For years now, the voice of Claire Boucher has evoked a feeling unparalleled by anything else - like a sense of artificial etherealism. The soft, almost ecclesiastic nature of these vocals lends her music the otherworldly vibe that has been associated with Grimes as an artist since the very beginning, and Miss Anthropocene is very much in-keeping with that legacy.
‘Miss Anthropocene’ is a self-described concept album about “the anthropomorphic Goddess of Climate Change: A psychedelic, space-dwelling demon/beauty-Queen who relishes the end of the world”. This so-called goddess is (apparently) “composed of Ivory and Oil”, which is either a sugary placebo or genius creativity, befitting of 'Miss Anthropocene' - “anthropocene” is the current geological period of humanity’s domination of planet Earth, and in this context, a pun on the word “misanthrope” - someone distrusting of mankind . The record feels slick and polished, yet natural and unnatural. Like Grimes’ previous music, it’s a scary, ambient, and muddlingly beautiful mess.
‘So Heavy I Fell Through the Earth’ introduces the album’s concept unsubtly; the track’s title is repeated over and over throughout its six minutes. Nature and technology are clearly the two themes battling for supremacy here. ‘Darkseid’ is layered over a hip-hop beat and a dark electronic atmosphere, with glittering sections of Mandarin from featured artist 潘PAN.
Of the previously-released singles, ‘Delete Forever’ is the most muted – feeling somewhat incongruous with its title. The track inspires thoughts of the robotic AI storylines Grimes normally concerns herself with, but actually has its foundations in country music and is built entirely with acoustic guitar and an intense bridge vocal.
'Violence’ is a pounding, thumping techno cut that just demands repeat listens. It’s impossible to get enough of this track; within the setting of Miss Anthropocene, the knife-edge juxtaposition between ‘Violence’ and ‘Delete Forever’ is perhaps one of the most interesting elements of the album’s construction.

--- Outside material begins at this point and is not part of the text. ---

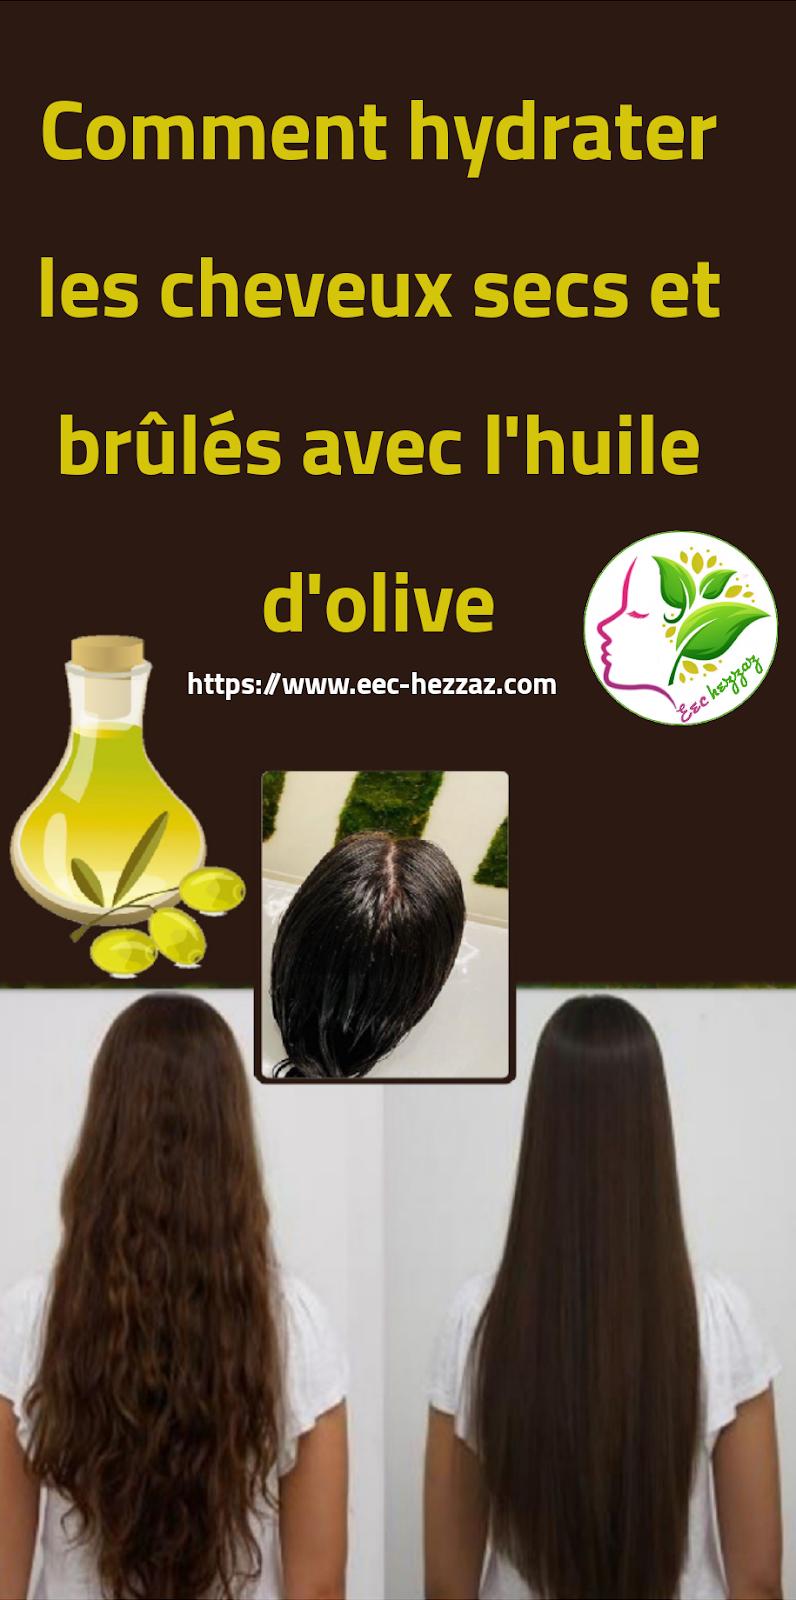 Comment hydrater les cheveux secs et brûlés avec l'huile d'olive

Moving incredulously from techno to drum ‘n’ bass, ‘4Æ’ takes elements from Indian classical music and underground dance basslines, set under Grimes’ trademark magical vocals. This track feels like something that could’ve been on the Voyager Golden Record, jetted out into space - it’s a display of so many different reaches of music created by humanity. Perhaps that was Grimes’ intention, but it’s not a perhaps, it’s more like an obviously that was Grimes’ intention, with an album name like ‘Miss Anthropocene’, it’s clear that Grimes set out to make a record drawing on music from every corner of the world.
‘My Name is Dark’ takes us back to sounds from ‘Art Angels’, with overbearing heavy guitar scrapes and unnerving childlike vocals. Grimes sings in a muted tone: “I am an angel of death/and fuck the world/you stupid girl...that’s what the drugs are for.”
As ‘Miss Anthropocene’ comes to an end, we’re gradually led down the crescendo of the record. ‘4Æ’ feels like the centre of the album, the core of ‘Miss Anthropocene’’s Earth. It’s the track with the most obvious nod to the current anthropocene, and the final five tracks of the record are all somewhat reserved in their sound. Lyrically, they are just as alive and thoughtful as the beginning of the album, but sonically, they seem subdued. ‘Miss Anthropocene’ is a project that feels like it could belong to no artist other than Grimes. During her fifth album, we’re brought to the tip of an iceberg through the lens of her own making, invited on an adventure alongside the Goddess of Climate Change...and what an adventure it is.
This piece of work is a constant tug-of-war between humanity, nature, and technology, and our complex relationship with the place we call home.